For years, the Trump administration has argued that limited capacity at ports of entry led to its policy of turning back asylum seekers at the U.S.-Mexico border (the “turnback policy”). But a recent amicus—or “friend of the court”—brief filed in a lawsuit challenging this policy argues that the true justification is racial hostility.
In the lawsuit, Al Otro Lado, et. al., v. Wolf, plaintiffs argue that the administration’s motivation for the turnback policy is a desire to deter asylum seekers from coming to the United States.
This amicus brief—filed on behalf of the Haitian Bridge Alliance, the Institute for Justice & Democracy in Haiti, and immigration scholars—helps explain how the historically discriminatory treatment of Haitian and Black migrants informs current policy choices, including the treatment of asylum seekers, who are largely Black, Indigenous, and other people of color.
Many trace the turnback policy to the arrival of a large number of Haitians in Tijuana, on the U.S.-Mexico border, in May 2016. In response, U.S. Customs and Border Protection (CBP) applied a practice known as “metering” to the Haitian migrants.
When metering, CBP officials refuse to process certain noncitizens, including asylum seekers, when they arrive at the border, instead making them wait in Mexico until some future—and often unspecified—date.
The metering of Haitians in May 2016 was not the first—nor would it be the last—time that Haitians and other Black migrants were discriminated against in U.S. immigration policy. The brief puts the turnback policy in the context of discriminatory immigration laws.
This history started with the first U.S. naturalization law in 1790, which only allowed “free white person[s]” to become U.S. citizens through naturalization. It took nearly 100 years and the passage of the 14th Amendment—guaranteeing equal protection under the law—before the law was amended to include persons of “African nativity and . . . descent.”
The amicus brief also describes repeated previous attempts by the U.S. government to keep Haitians from seeking protection in this country. These policies involved both preventing Haitians from making it to the United States and making life more difficult for them here.
For example, the U.S. government formed the Mass Immigration Emergency Plan in 1983 after Haitians began coming to the United States in large numbers. This plan created 10,000 beds for immigration detention purposes. Prior to the 1980’s, the government rarely detained people for immigration violations.

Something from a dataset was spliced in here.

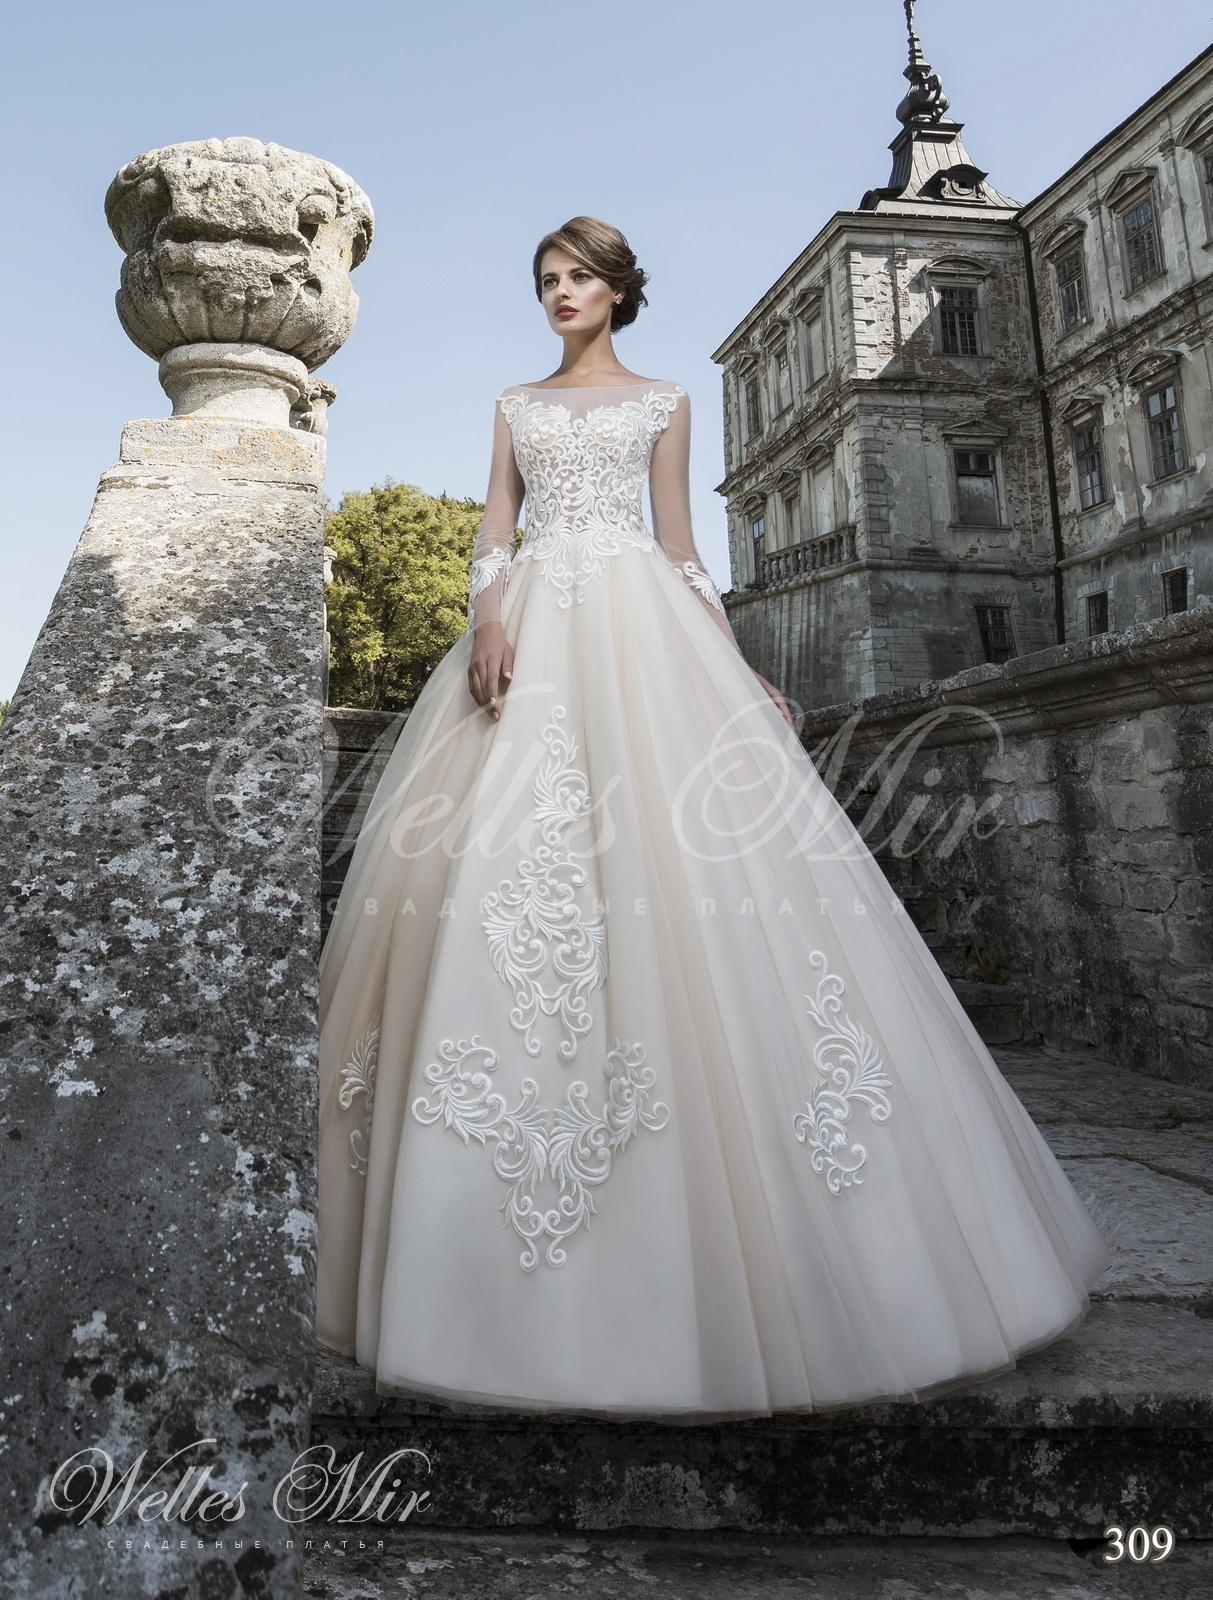 Свадебные платья Exquisite Collection - 309

Haitians detained under the new plan took their cases to court. A federal court found that “more Haitians are being detained and for longer periods of time than non-Haitians.” The court also found that non-Haitians had a better chance of being released at the border with a date to check-in with immigration authorities than Haitians.
Recently, the Trump administration ended the Haitian Family Reunification Parole Program and Temporary Protected Status for Haitians, which provided temporary immigration relief to those impacted by the devasting 2010 earthquake in Haiti. It also removed Haiti from the list of countries whose citizens could participate in certain temporary U.S. work visa programs.
“The indisputable common denominator for this disparate treatment of Haitians and Africans is the color of their skin,” the brief argues. It has nothing to do with “capacity constraints, or even on the legitimacy of migrants’ asylum claims” but is based on the Trump administration’s exclusionist agenda, “perpetuating racist and xenophobic opposition to Haitian and Black migrants.”
Following the metering of Haitians in the summer of 2016 in Tijuana, metering and similar practices spread to ports of entry across the U.S.-Mexico border. These practices were applied to asylum seekers regardless of nationality, though largely still Black, Indigenous, and other people of color.
Part of our nation’s struggle with its history of systemic racism is recognizing and addressing the past. For migrants of African descent, particularly Haitians, our past includes disproportionate detention rates, higher bonds, a higher percentage of family detention, and “among the highest asylum denial rates, when compared to their non-African peers,” the brief’s authors write.
We cannot ignore these realities as we seek justice and understanding of our current immigration law and policy.